§ What to work on
Retype only the lines below from the one with "Veste ch08r flamenco" to the one with "Kenmore WIOI67097A manual", inclusive, skipping every image.

§ Material to process
-----

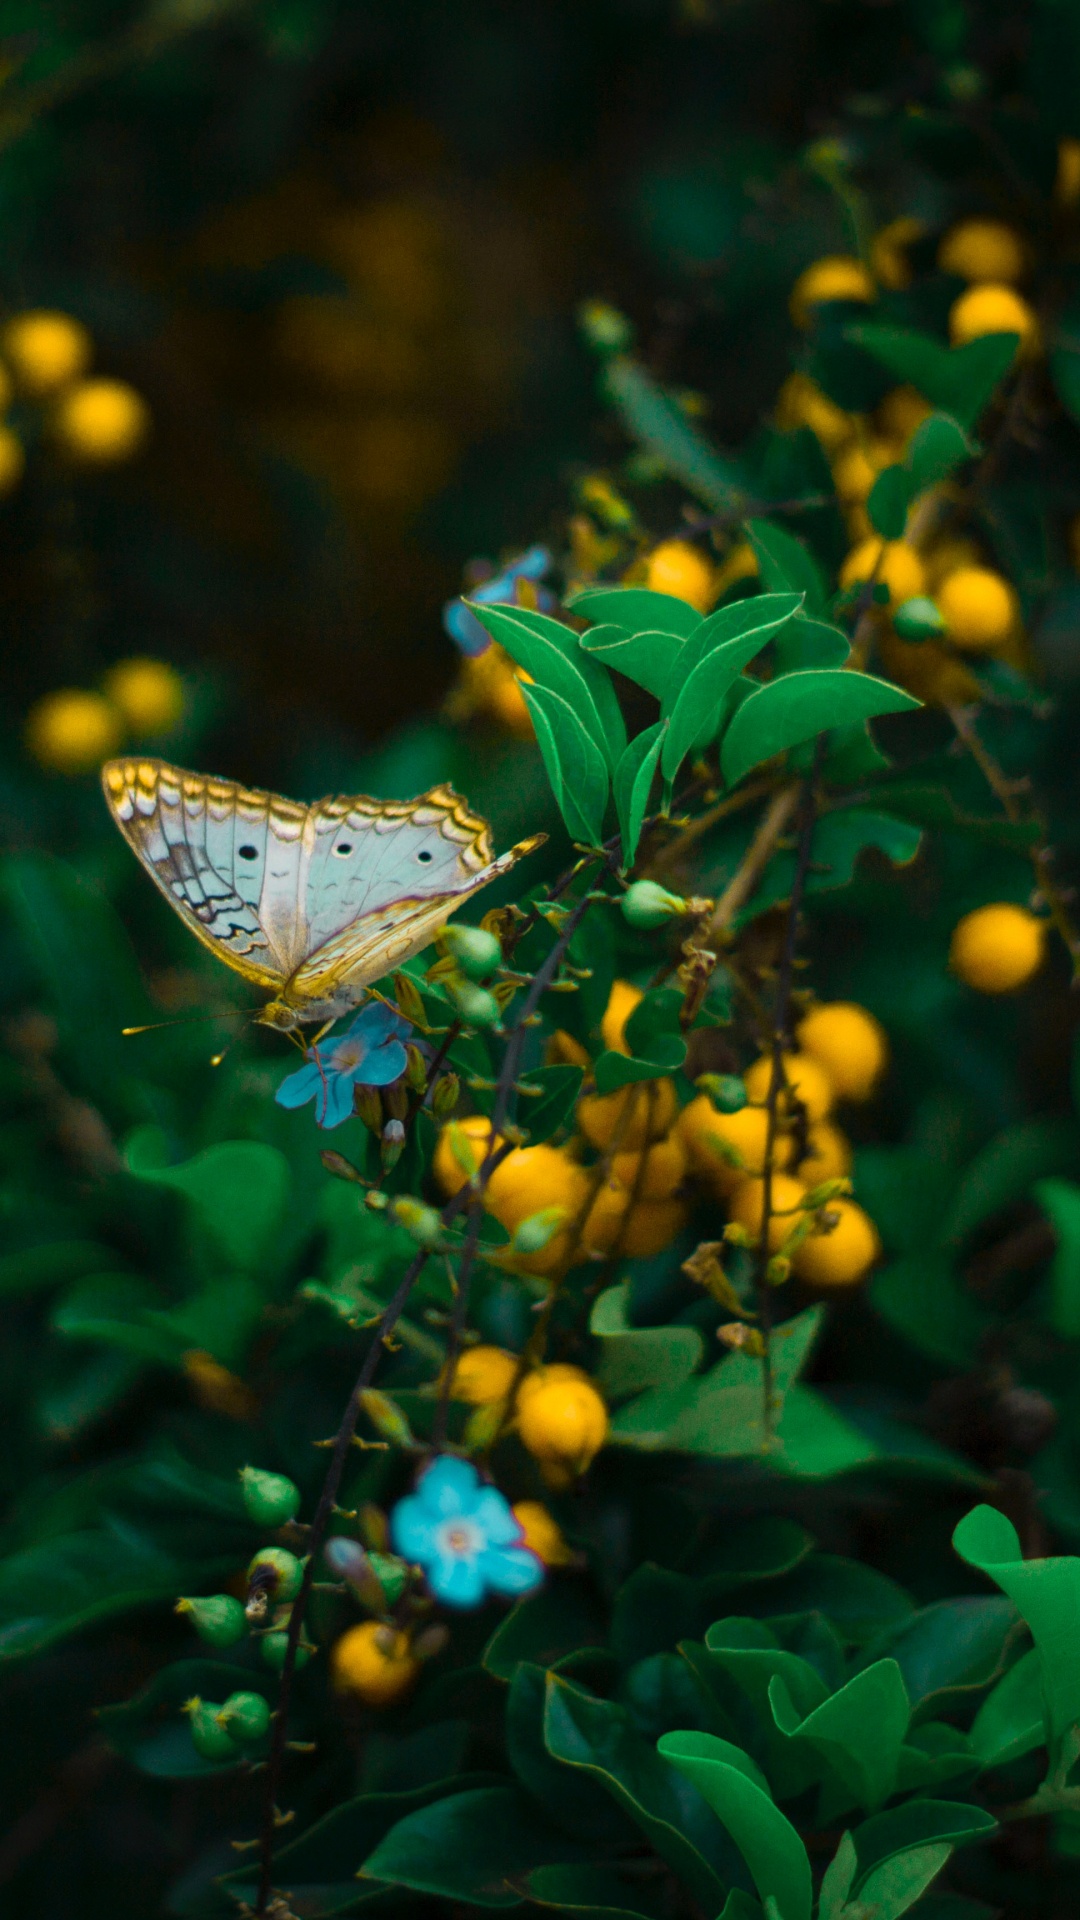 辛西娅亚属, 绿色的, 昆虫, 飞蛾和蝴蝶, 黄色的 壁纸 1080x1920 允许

-----

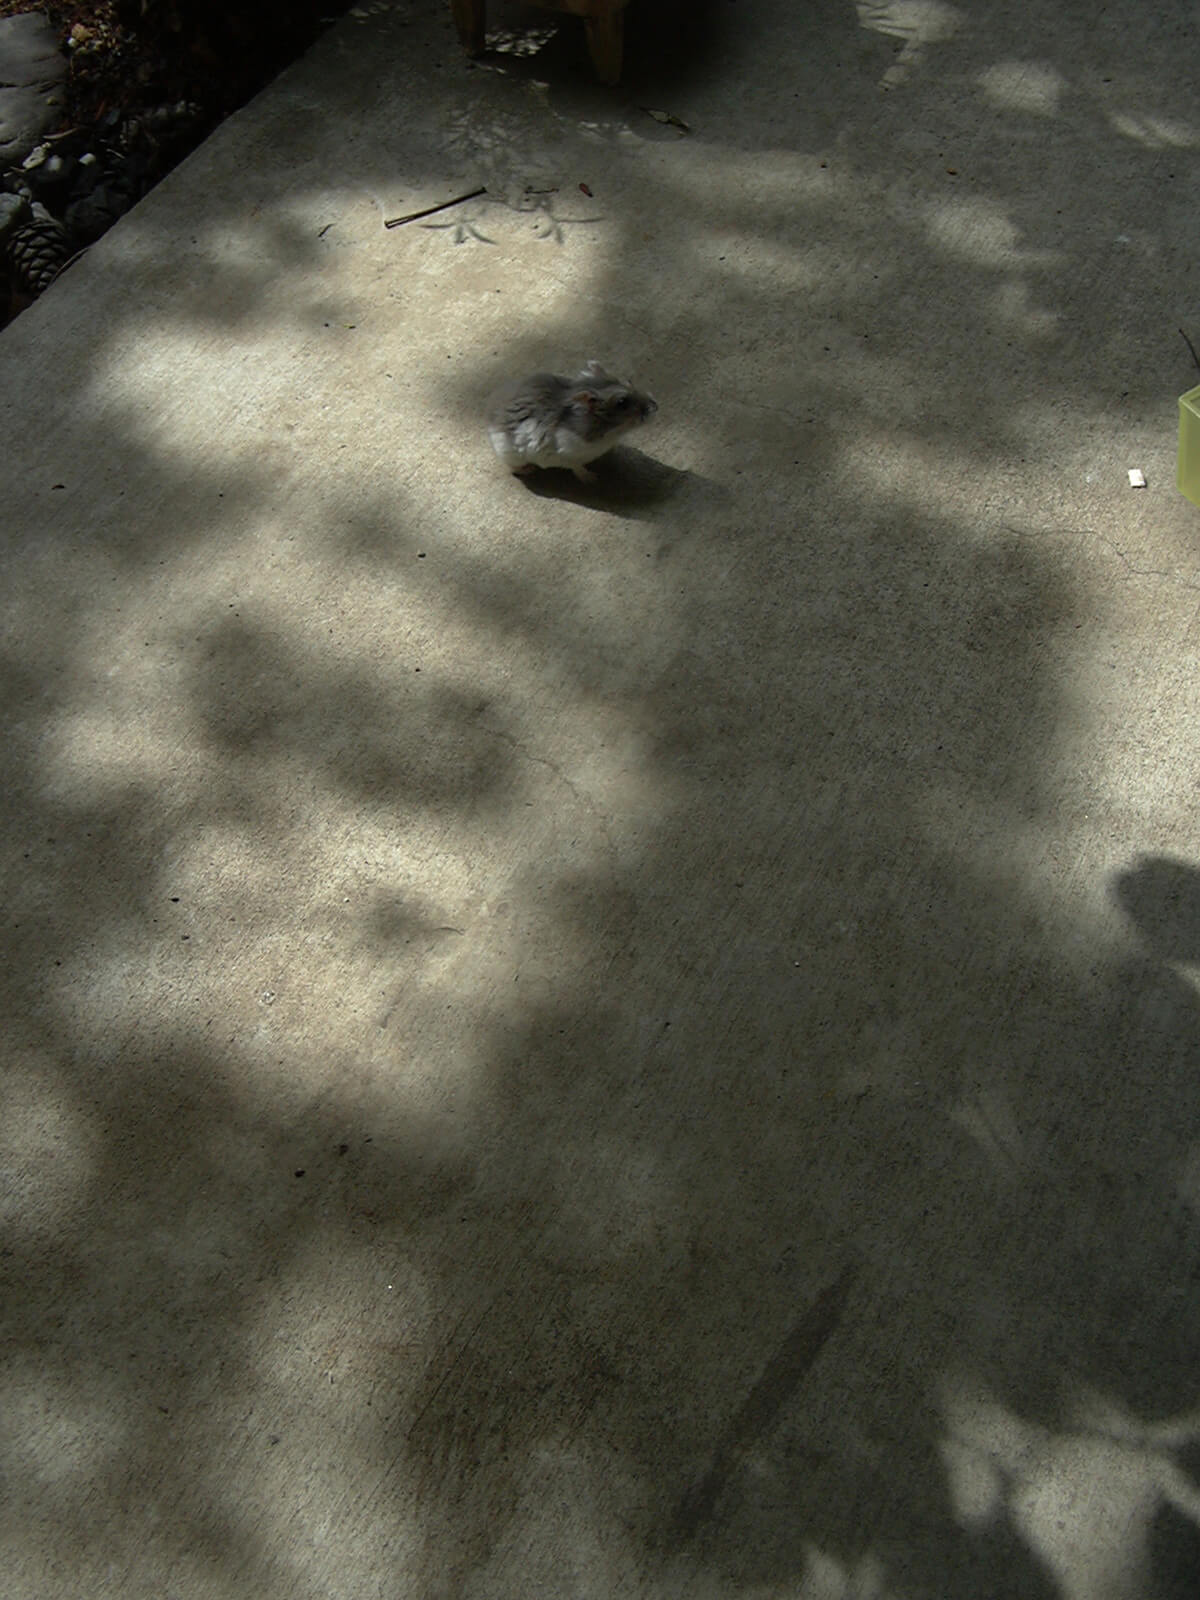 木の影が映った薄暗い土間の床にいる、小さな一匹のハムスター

-----

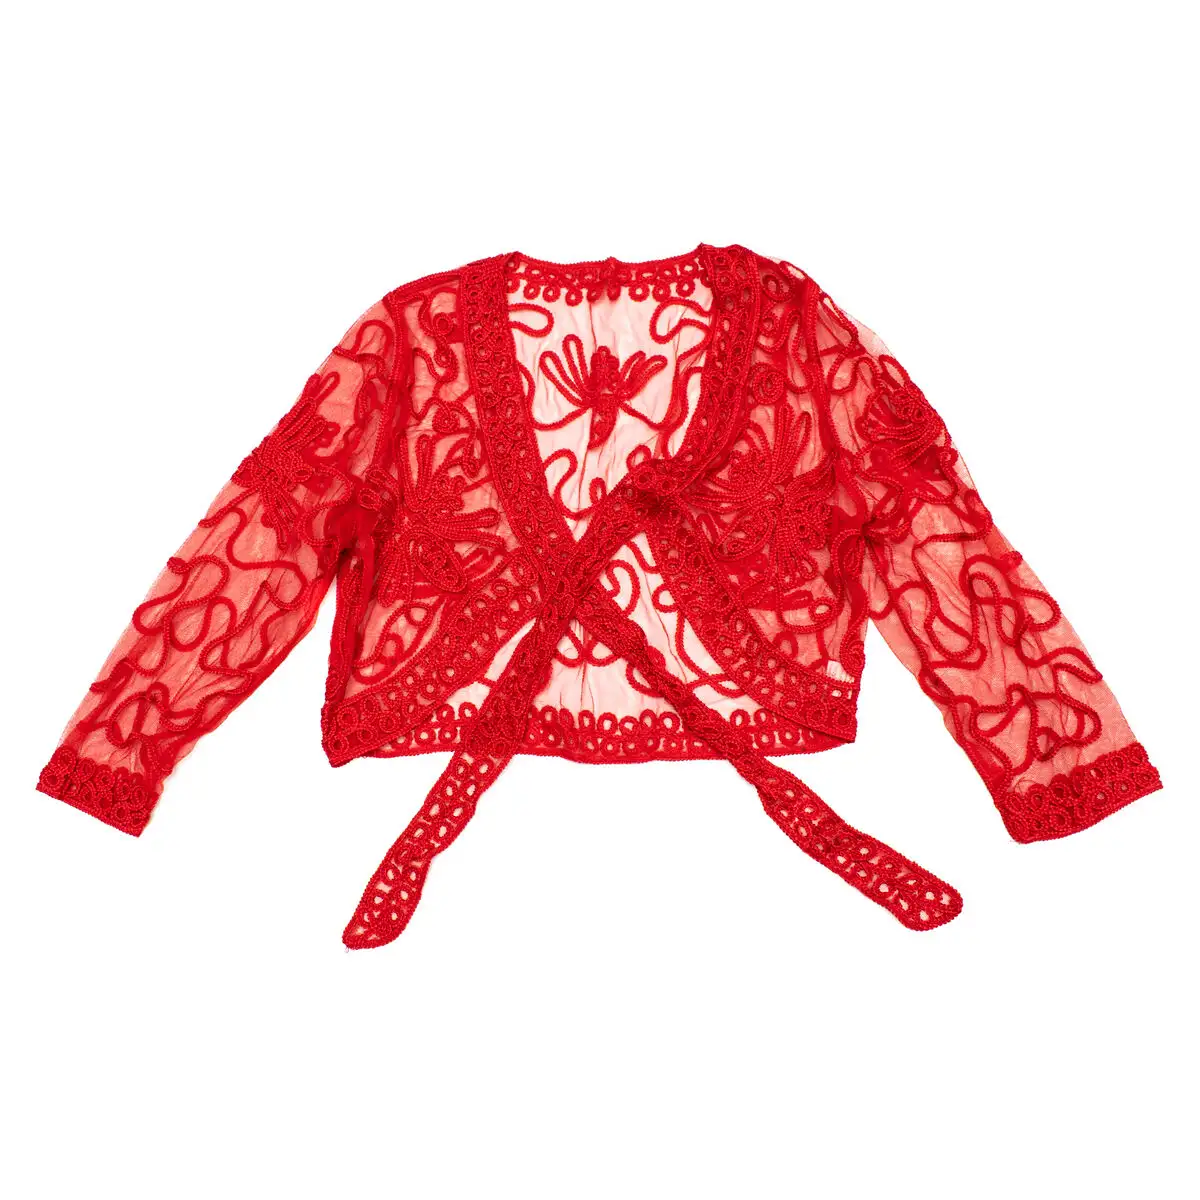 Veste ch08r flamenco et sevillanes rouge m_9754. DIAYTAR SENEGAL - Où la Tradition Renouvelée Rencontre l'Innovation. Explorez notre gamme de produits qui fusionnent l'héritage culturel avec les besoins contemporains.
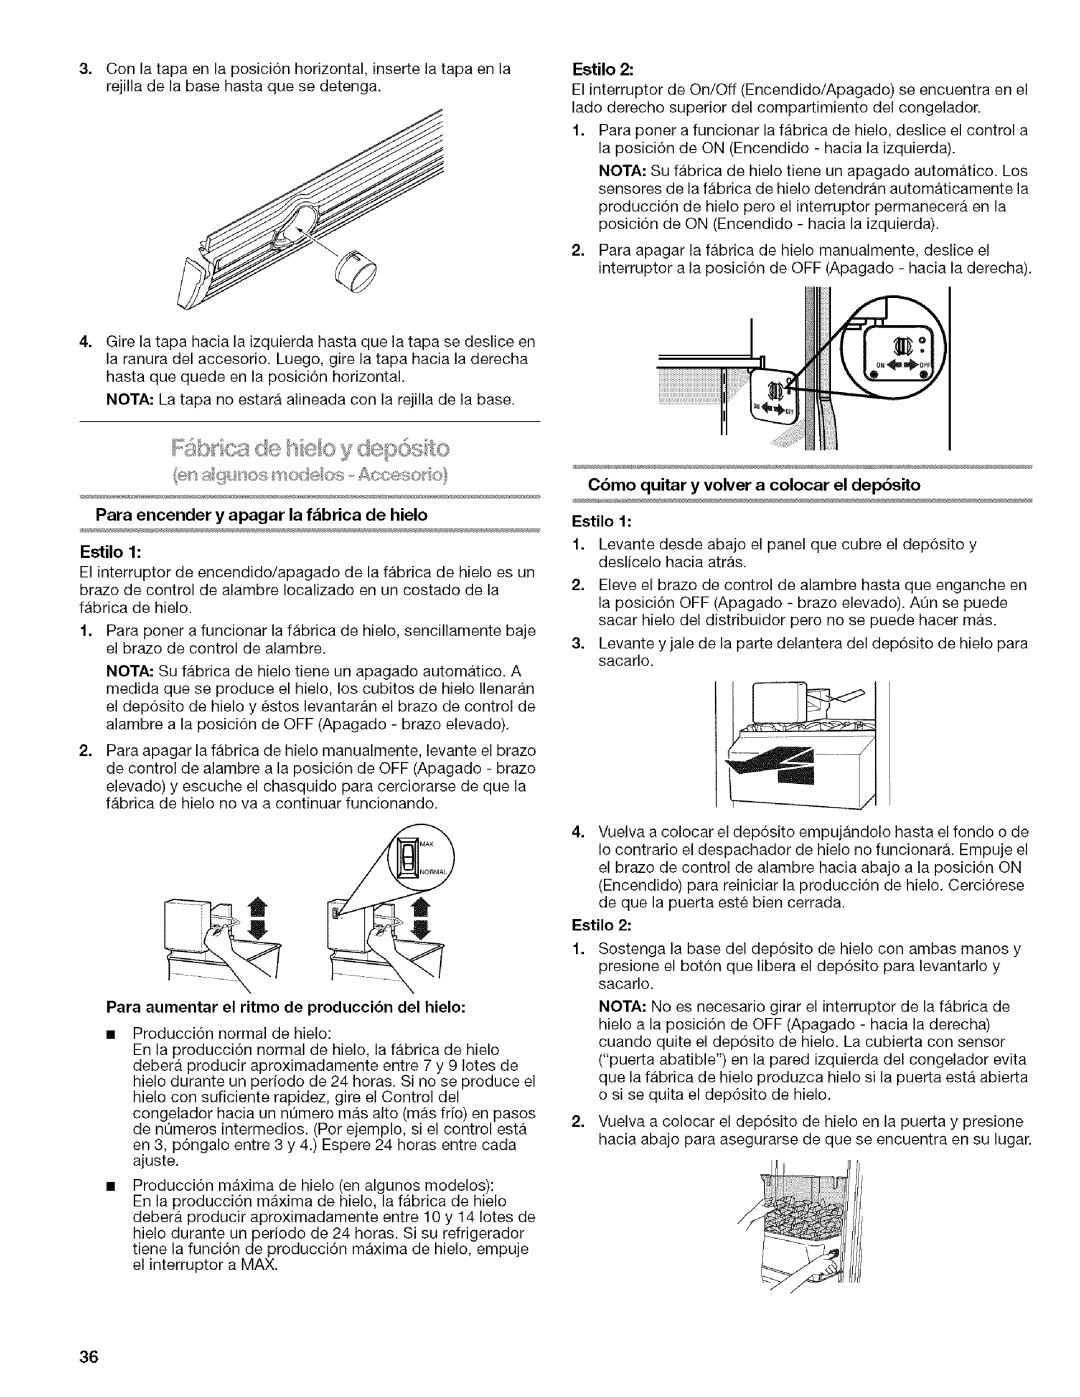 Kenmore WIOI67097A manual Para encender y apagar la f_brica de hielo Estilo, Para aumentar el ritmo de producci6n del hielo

-----

§ Completed exercise
 Veste ch08r flamenco et sevillanes rouge m_9754. DIAYTAR SENEGAL - Où la Tradition Renouvelée Rencontre l'Innovation. Explorez notre gamme de produits qui fusionnent l'héritage culturel avec les besoins contemporains.
 Kenmore WIOI67097A manual Para encender y apagar la f_brica de hielo Estilo, Para aumentar el ritmo de producci6n del hielo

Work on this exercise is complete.